=== ENTRIES PROVIDED ===
####

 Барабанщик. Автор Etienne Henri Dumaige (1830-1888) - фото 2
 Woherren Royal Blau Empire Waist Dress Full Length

####

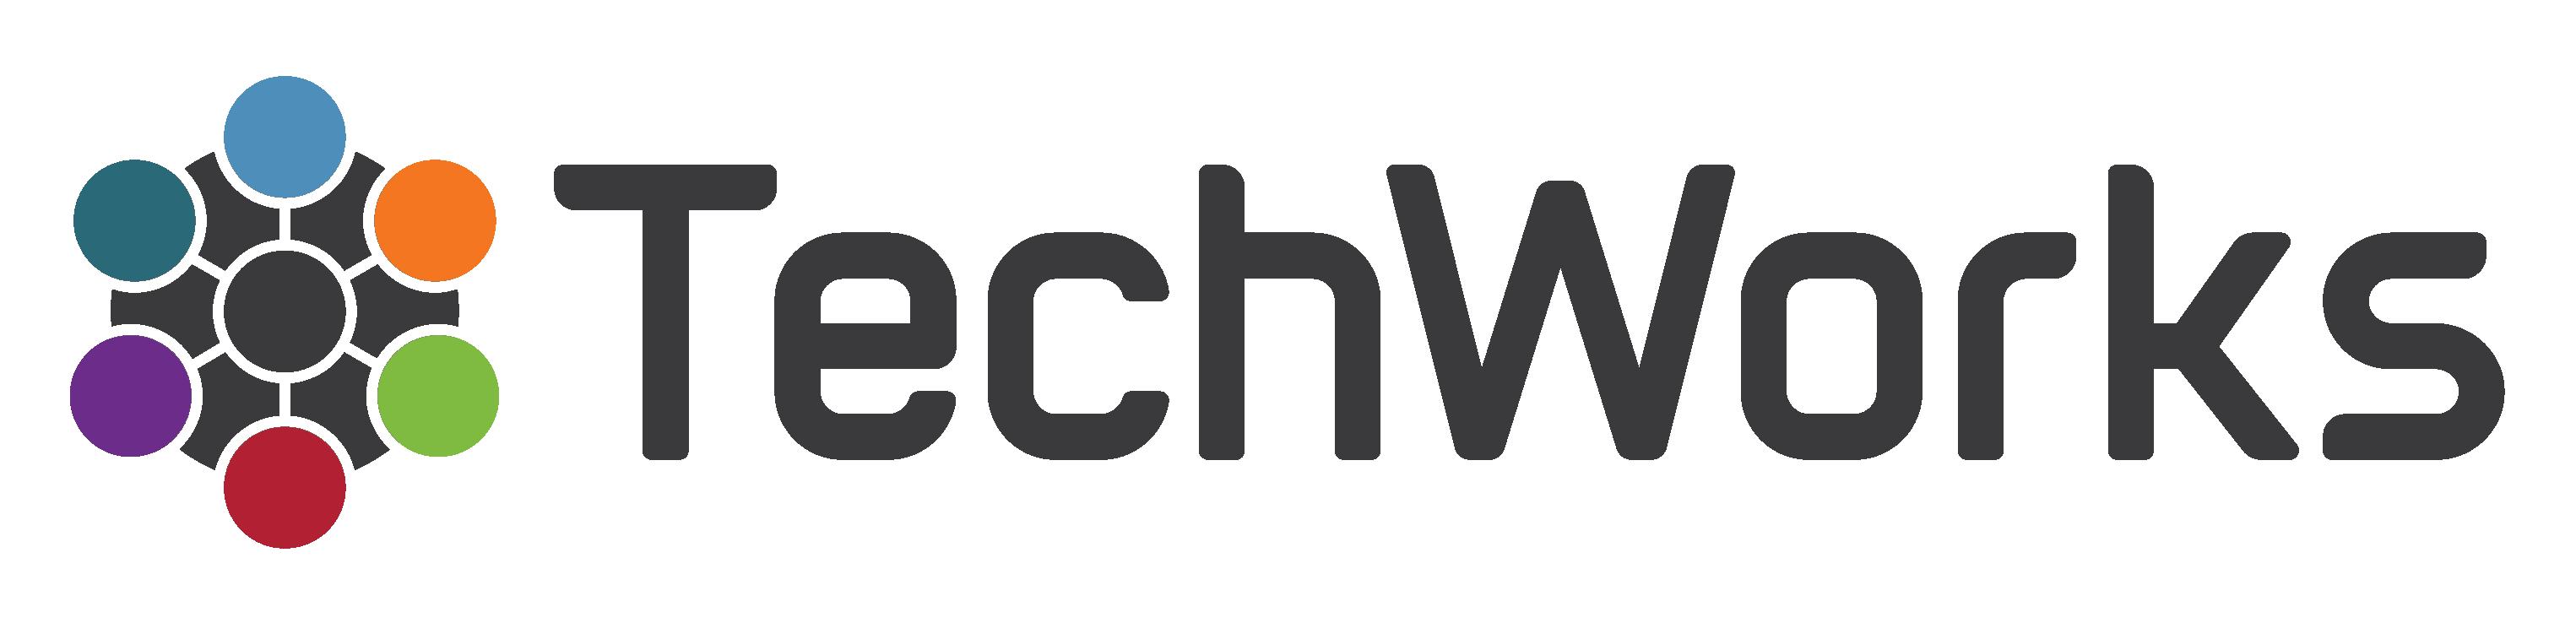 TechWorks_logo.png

####

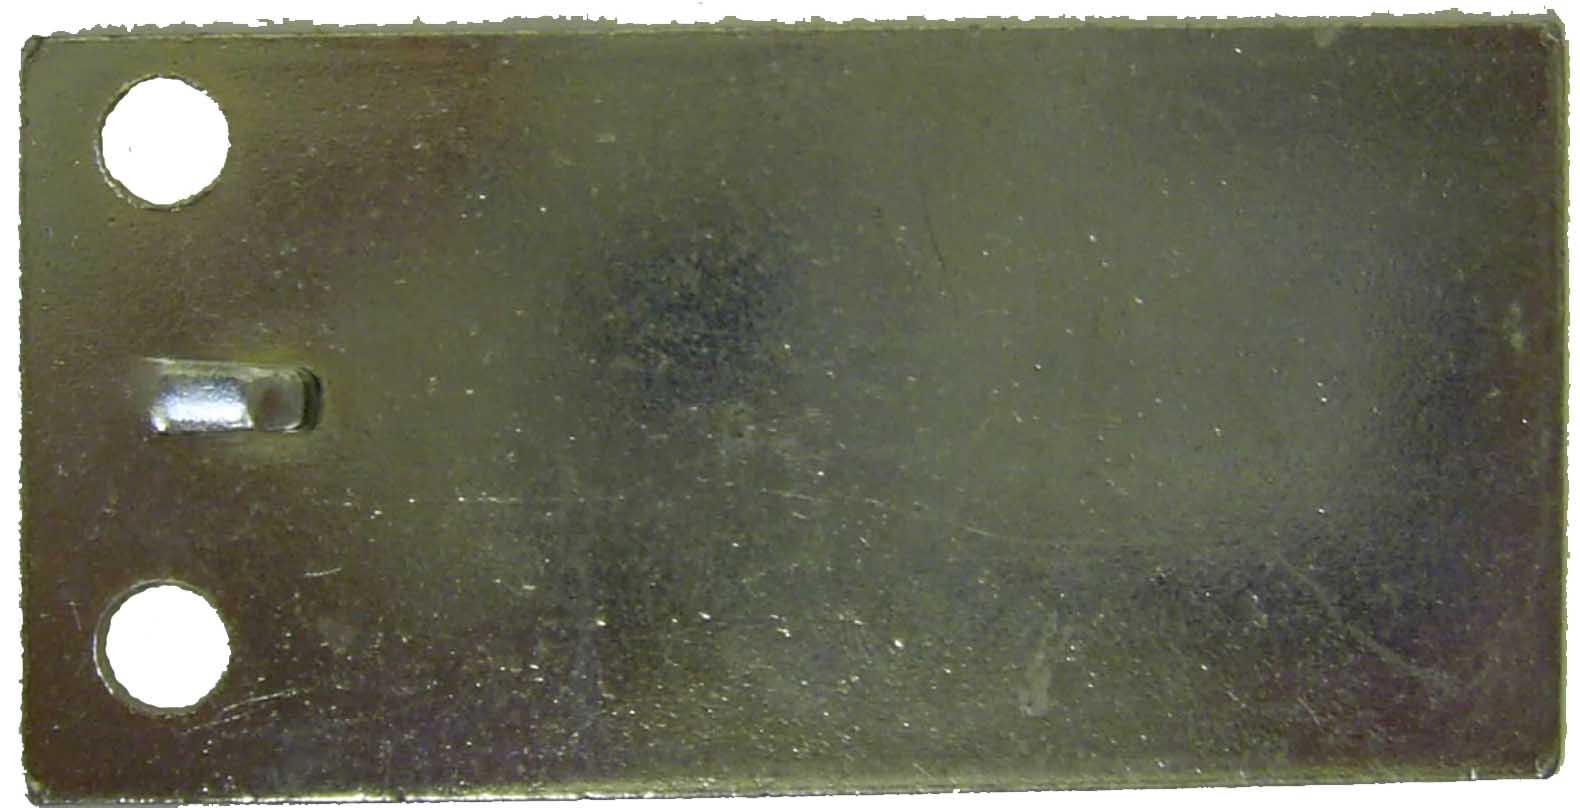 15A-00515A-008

####

Above are the entries. Output exactly the lines beginning with the line that has "Барабанщик. Автор Etienne" and ending with the line that has "Woherren Royal Blau".

 Барабанщик. Автор Etienne Henri Dumaige (1830-1888) - фото 2
 Woherren Royal Blau Empire Waist Dress Full Length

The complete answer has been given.